As the feud between star player and star president escalated Tuesday, Anthony was telling friends he may stand firm on his no-trade clause at the Feb. 23 trade deadline and see what 71-year-old Phil Jackson decides to do with his career.
“He still feels it’s his team and still loves it here,’’ the source said of Anthony.
In Jackson’s Tuesday tweet, he endorsed an anti-Anthony column suggesting he’s not “a winning superstar’’ and compared him to NBA bust Michael Graham. Jackson tweeted in part: “I learned you don’t change the spot on a leopard with Michael Graham in my CBA daze.”
Jackson has an opt-out clause in his contract at the three-year mark. There’s conflicting reports whether that means his March 19 anniversary or this season’s end. It is also unknown if Jackson would get some form of buyout package if he exercises the clause.
After another Knicks loss, Anthony, obviously still perturbed, issued a few good one-liners, taking issue with the leopard comparison.
“I definitely wasn’t googling who Michael Graham was,’’ Anthony said. “I was upset he got the animal wrong. I’m not a cheetah. I’m black jaguar.
“I’m done asking why. I don’t need an explanation. I’m beyond the point of it bothering me.”
Anthony wouldn’t tip his hand and reveal whether this escalating feud would make him more likely to waive his no-trade clause.
“I’m in that building every day until something is said to me directly I’m not going to feed into it,’’ Anthony said.
Anthony denied Jackson has even attempted to change his game. When asked if he still trusts Jackson, Anthony said, “I did say that once. I trust the process.’’
Yahoo Sports reported Anthony’s determination to remain with the Knicks is hardening in the wake of Jackson’s folly.
“[Jackson’s] underestimating Melo’s willingness to stay,” a Yahoo source said.
As Berman notes, here's the story from The Vertical's Adrian Wojnarowski about Anthony's resolve to stay put in New York:
New York Knicks president Phil Jackson’s public campaign to pressure Carmelo Anthony into waiving his no-trade clause is working to harden Anthony’s resolve to remain with the franchise, league sources told The Vertical.

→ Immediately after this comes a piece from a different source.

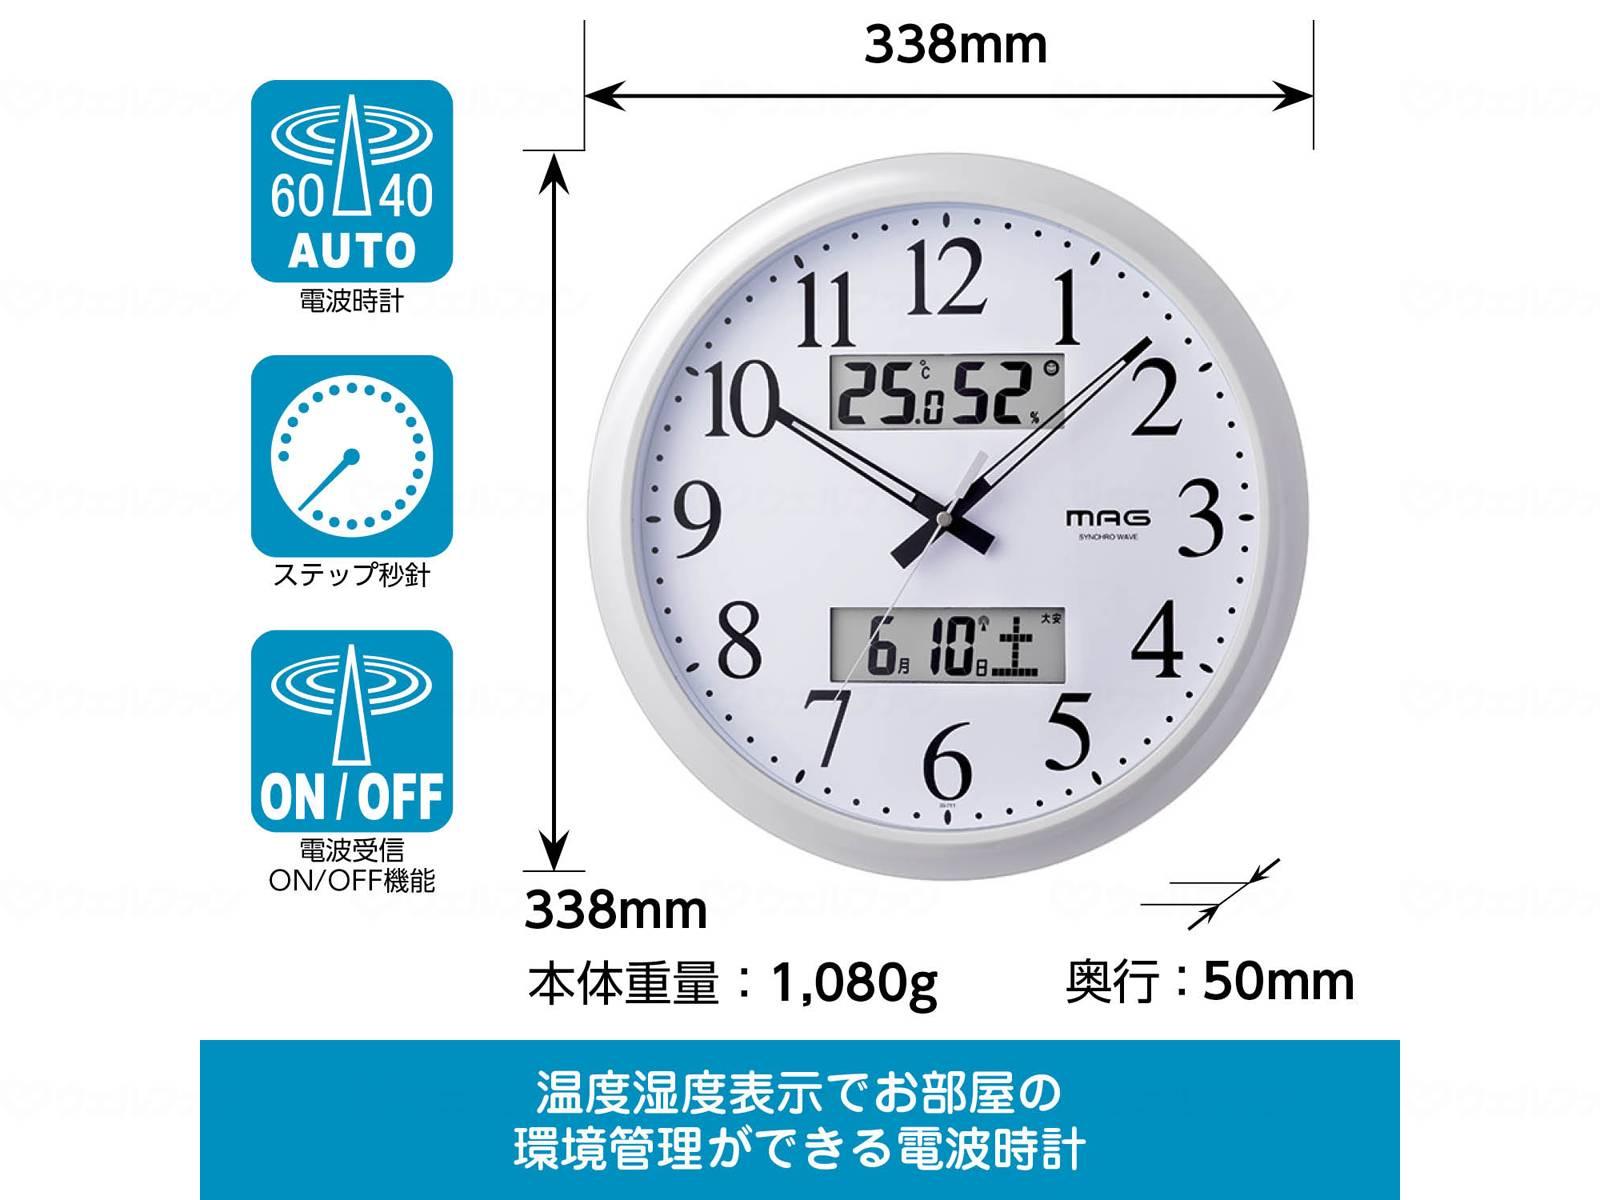 MAGダブルリンク電波掛時計の画像

“[Jackson’s] underestimating ‘Melo’s willingness to stay,” a source familiar with Anthony’s thinking told The Vertical.
Anthony has privately told teammates, too: He refuses to let Jackson run him out of the Knicks. The Knicks have contacted three teams – the Los Angeles Clippers, Boston Celtics and Cleveland Cavaliers – about possible Anthony trades. The Clippers and Cavaliers have interest, but only in cobbling together packages that include role players, league sources told The Vertical.

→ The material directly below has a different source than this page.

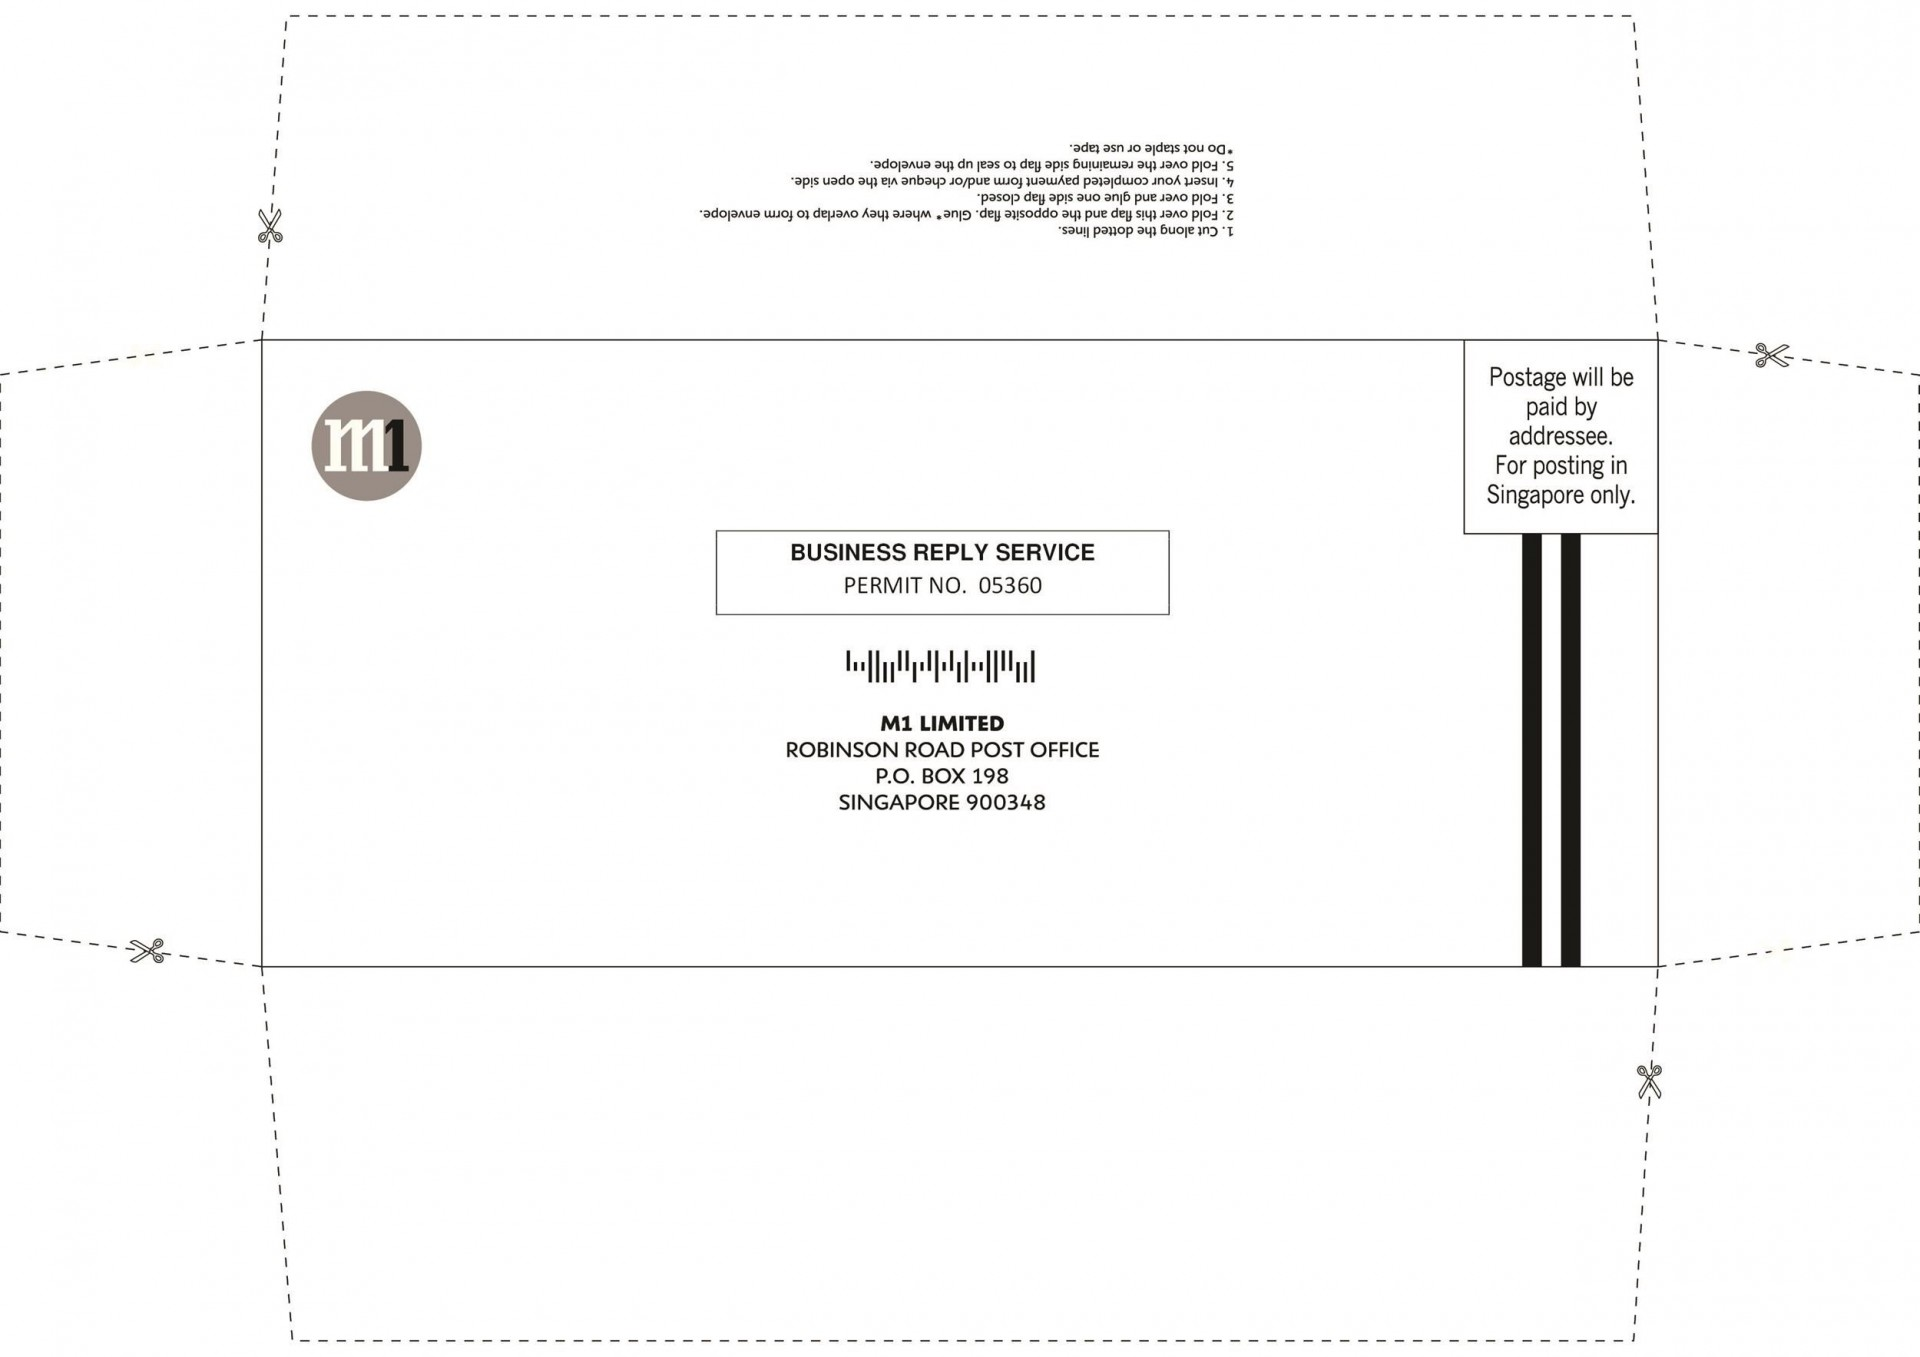 004 Rare 10 Envelope Template Word Photo  Size Microsoft #10 Double Window1920

Anthony has privately indicated an interest in listening to trades to those three teams, but the Knicks have been unable to find a trade package that they’re willing to accept, sources said. The NBA trade deadline is Feb. 23.
Boston’s shown minimal interest in Anthony, preferring to continue its pursuit of persuading Chicago (Jimmy Butler) and Indiana (Paul George) to engage in trade talks that involve two younger, more well-rounded stars.
There was an expectation around the NBA that Knicks management would start to search elsewhere for trade possibilities and bring Anthony different scenarios for his approval, but that process doesn’t appear to have begun, league sources said.
Anthony’s contract guarantees him $24.5 million this season and $26.2 million in 2017-18, and he holds a $30 million player option for 2018-19. Plus, the Knicks must pay Anthony a $9.5 million bonus if he is traded.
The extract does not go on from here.